Another Reddit comment laments about how they “miss [Critique] so bad”, listing off various features they miss, like its “attention set,” which is explained below.
This tracks with Google’s own findings. Internally, 97% of Google software engineers are satisfied with Critique.1
But what is Critique exactly and what makes it so good?
How does this pair with Google’s actual process of code review?
In this article, I dive into:
Google’s guidelines for efficient code review
Critique, their code review tooling, and AI-powered improvements
Internal statistics on Google code reviews
Why Critique seems to be so loved by Googlers
While the SWE Book covers the basics of Critique, new blog posts and research by Google show new developments in their code review processes, such as using AI to make automatic suggestions and improvements to code changes.
Google’s Code Review Guidelines
To understand how Google writes clean, maintainable code, I wrote about Google’s readability process here.
Google’s guidelines for a good code review include:
Continuous improvement over perfection: While a more seasoned developer may find a less experienced developer’s code to not be up to their personal standard, Google encourages continuous improvement over perfection. Developers need to make progress; overly difficult reviews can discourage future improvements.
Maintain or improve the health of the codebase
Follow the Style Guide: When code style comes into question, Google’s style guides are followed and referenced to a tee.
Always Share Knowledge: Reviewers are encouraged to share knowledge about language features, the codebase, and other relevant artifacts through code review. Usually, these guidelines are sent with “supporting documentation,” such as links to Google/Abseil’s C++ Tips of the Week.

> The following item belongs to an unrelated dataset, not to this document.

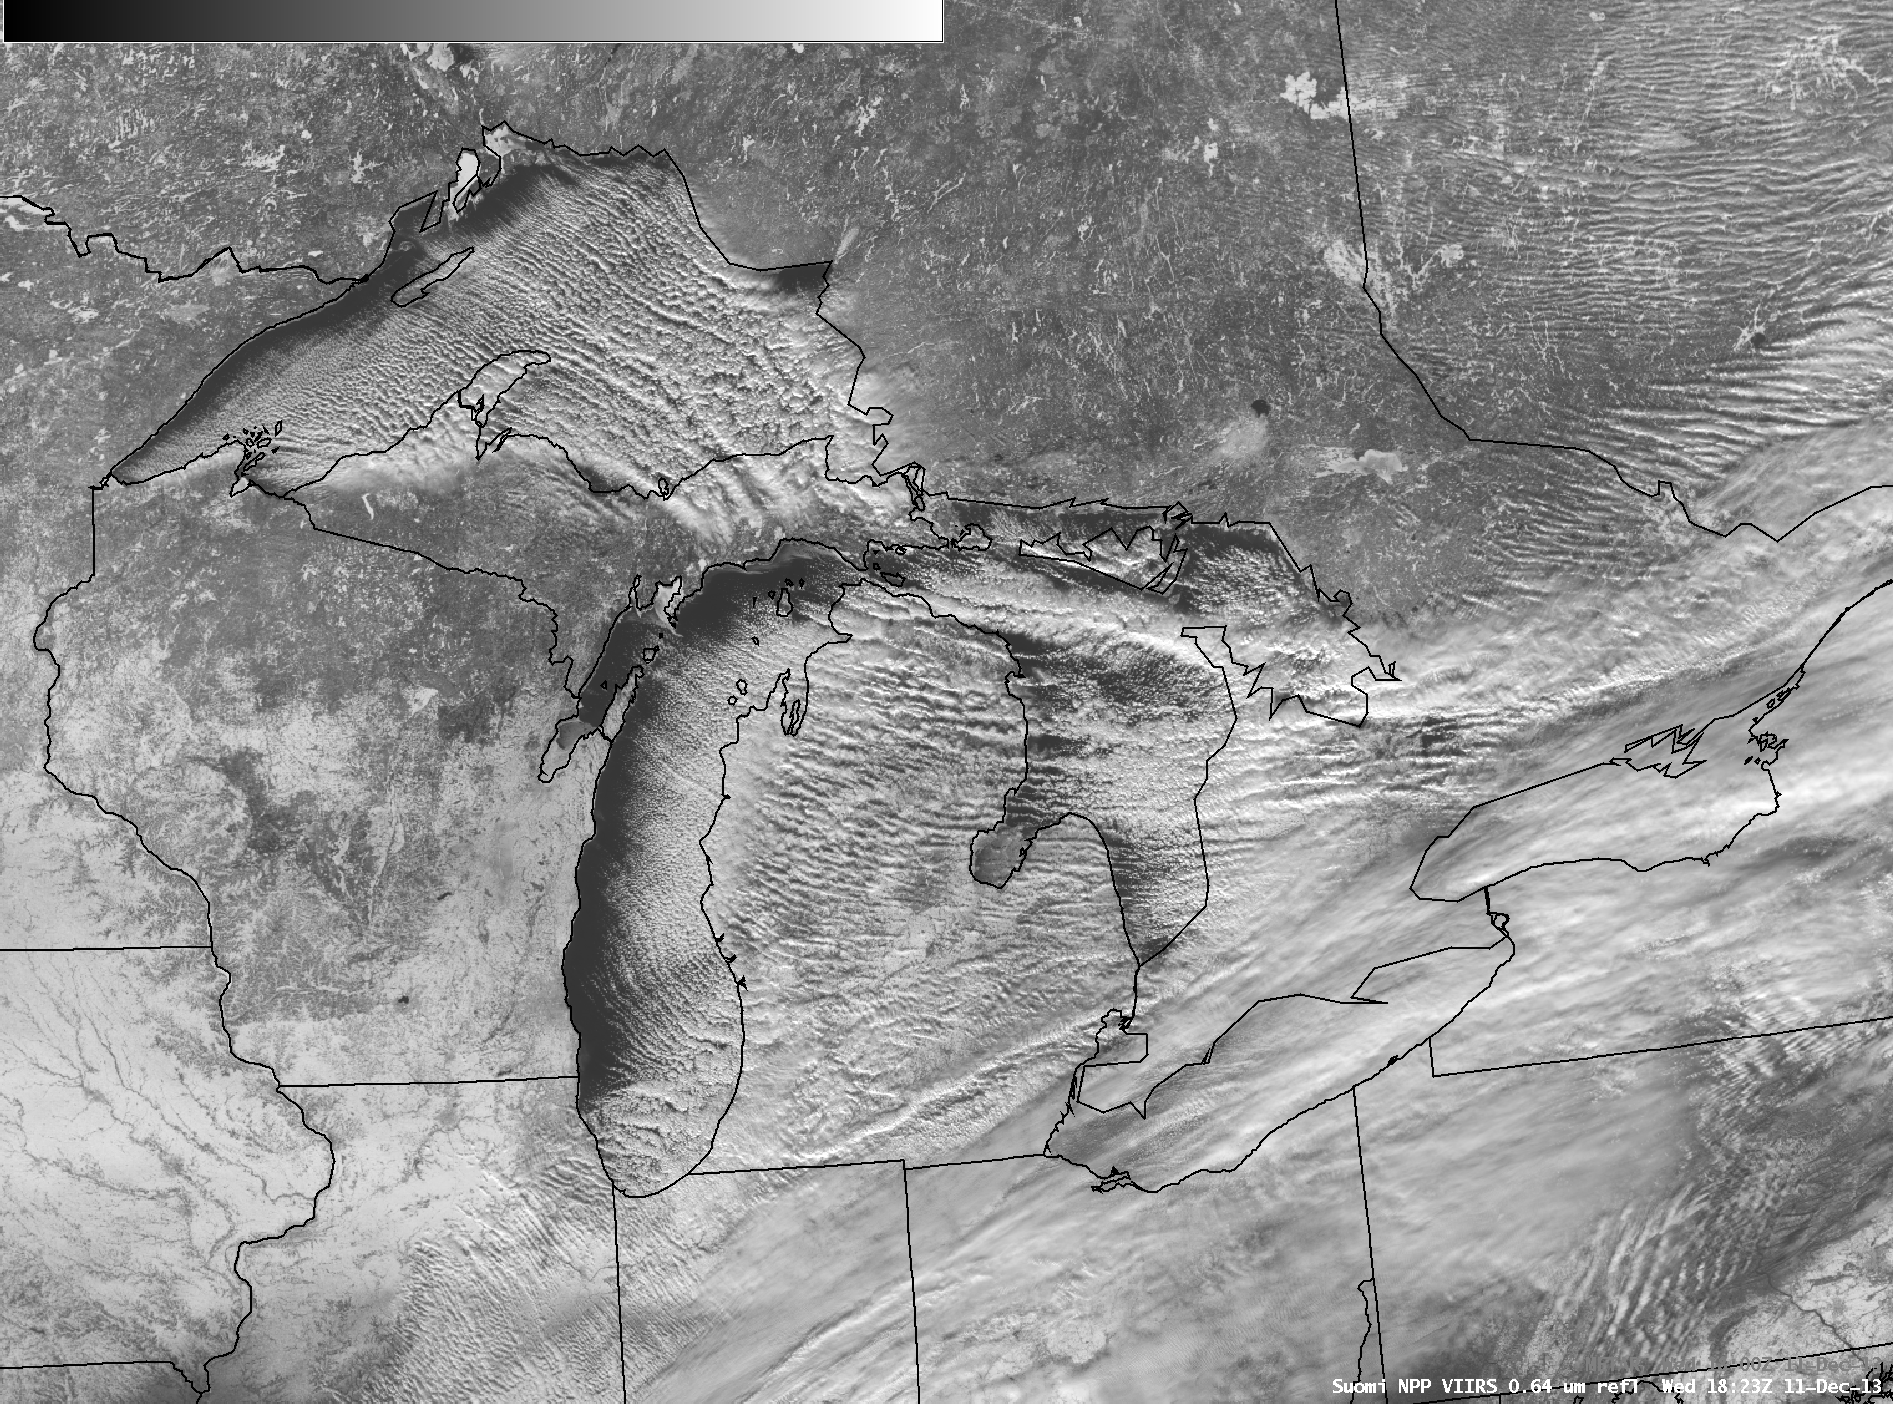 Suomi NPP VIIRS 0.64 Âµm visible channel and false-color RGB images

- At Google, the educational aspects of a code review are highly emphasized.
Write Small Changes: Keep changes limited to about 200 lines of code if possible.
Strict Standards for Lightweightness: Google expects reviewers to review a code change in less than 24 hours and encourages reviews to only have one reviewer if possible, which saves time for everyone involved.
- “The majority of changes at Google are small, have one reviewer and no comments other than the authorization to commit. During the week, 70% of changes are committed less than 24 hours after they are mailed out for an initial review.”2
Politeness and Professionalism: Maintaining a culture of trust and respect is crucial. Feedback should be professional, avoiding personal criticism. Reviewers should be open to the author’s approach, offering alternatives only if necessary, and treating each comment as a learning opportunity.
I wanted to comment on this one specifically, as while it seems obvious, it’s not as easy to do in practice. It’s common for people to get attached to the code they’ve written or for reviewers to come off as harsher than they meant to. The written word leads for less nuanced communication compared to face-to-face.
Google has done a lot of research into how code comments can affect developer productivity and motivation.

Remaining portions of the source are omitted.